Timothée de Rauglaudre,
Journaliste et auteur
Méditation pour le temps de l’Avent proposée par Timothée de Rauglaudre
Dans l’Évangile du jour, Jésus invite ses disciples, et par extension nous invite, à veiller. Il insiste : «restez éveillés», «veillez», «veillez donc», «veillez», car nul ne sait quand viendra le maître. L’invitation est d’abord eschatologique : la venue du maître, c’est la parousie, la venue du Christ dans la fin des temps. La mention précédant ce passage, dans l’Évangile de Marc, des persécutions et des guerres qui préfigureront la venue du Fils de l’homme, ne laisse guère place au doute.
Mais le temps eschatologique ne peut être réduit à un temps chronologique qui marquera la fin de l’histoire, laissant les chrétiens à la seule prière dans cette attente. La fin des temps, ce n’est pas que l’achèvement du temps, c’est aussi l’accomplissement des temps. Le Christ est celui qui vient, au présent, qui nous a prévenus qu’il serait avec nous à jamais, dès aujourd’hui. Son royaume se bâtit ici et maintenant, pierre par pierre, un chantier long et discret qui ne sera terminé qu’à la fin des temps. La parousie, en grec, c’est la présence. Le bon pape Jean nous enjoignait à guetter les «signes des temps» à plisser les yeux pour mieux voir les avancées du chantier du royaume, la présence permanente du Christ.
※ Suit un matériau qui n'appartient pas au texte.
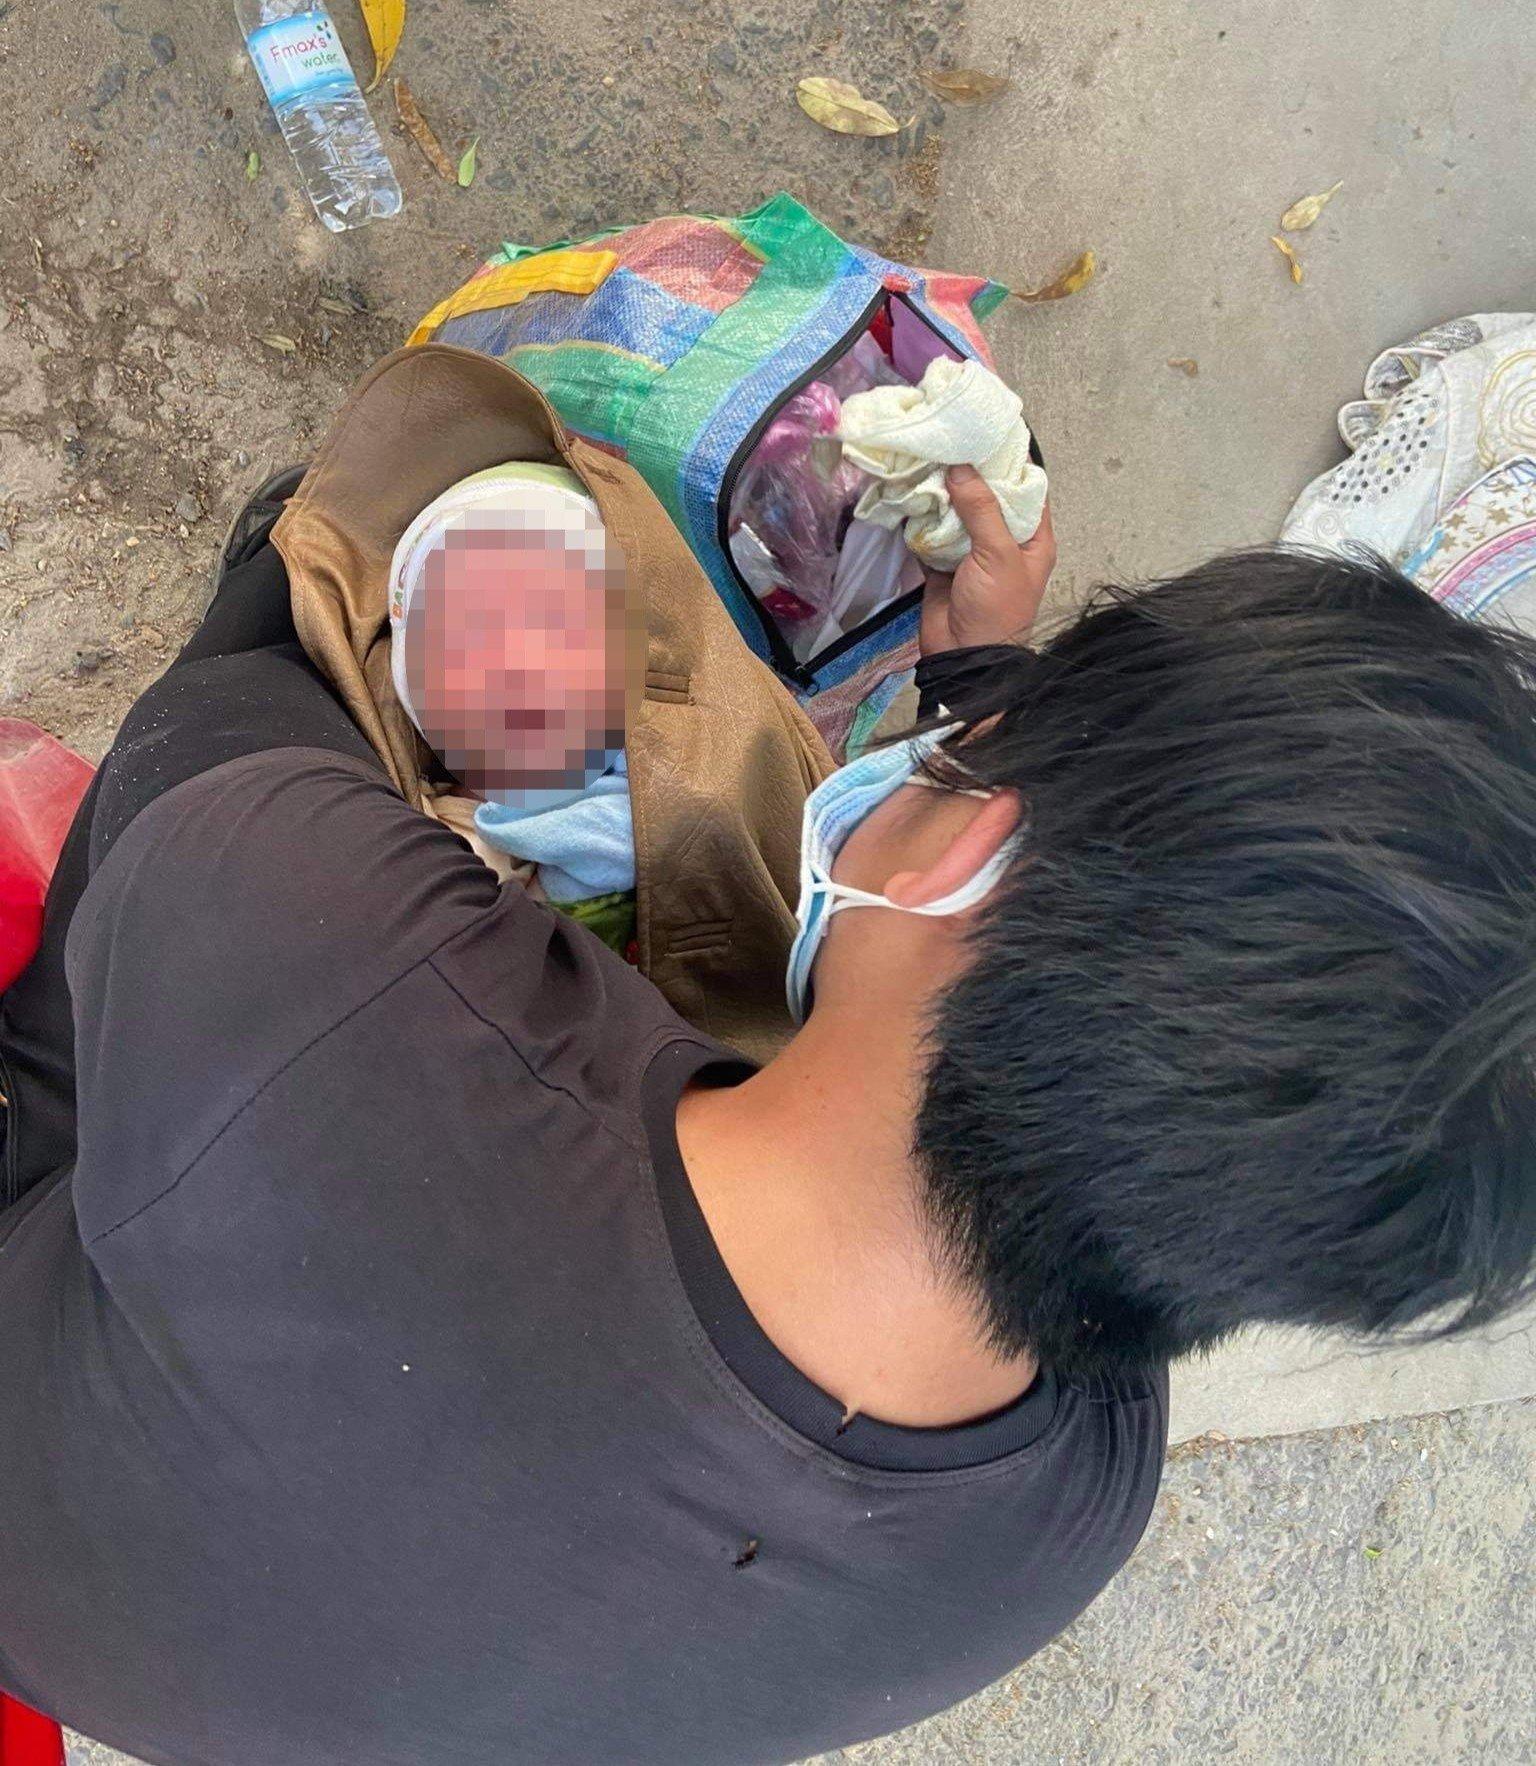 Bé 10 ngày tuổi cùng bố mẹ vượt 1.500 km về quê tránh dịch: Hành trình ngắn lại nhờ hai chữ 'đồng bào' 3

Alors à quoi, à qui faut-il veiller ? La philosophe Simone Weil accorde à la capacité d’attention, une notion proche de celle d’éveil, une valeur supérieure, divine. À travers ses écrits, on trouve des exemples de situations où l’attention se trouve sublimée : la prière, le travail manuel et la défense des pauvres et des opprimés. Cette dernière situation est annoncée explicitement par Jésus dans l’Évangile de Matthieu : au Jugement dernier, seront récompensés ceux qui auront servi les affamés, les prisonniers, les malades, car sans le savoir, ils auront servi le Christ.
Il est intéressant de noter que celles et ceux qui critiquent le «wokisme», en désignant la lutte contre les diverses injustices, le comparent régulièrement aux mouvements protestants de réveil, en soulignant la parenté linguistique. Si la comparaison se veut péjorative, on peut la prendre à contresens. Le restez éveillés de Jésus pourrait se traduire en anglais par «stay woke».
La figure du veilleur est récurrente dans la Bible. La prophétie d’Isaïe demande : «Veilleur, où en est la nuit ?» Les psaumes parlent du veilleur qui guette l’aurore. Dans l’Évangile de Marc, au chapitre suivant, le Christ commençant à entrer dans sa Passion demande à ses disciples de veiller – sans grand succès. L’exégèse chrétienne voit dans le veilleur lui-même une image du Christ. Marcher à la suite de l’Agneau, c’est aussi veiller sur la part de lumière du monde, être lumière face aux ténèbres de l’injustice. Le veilleur réconcilie dans le geste d’attention la prière et l’action au service du royaume.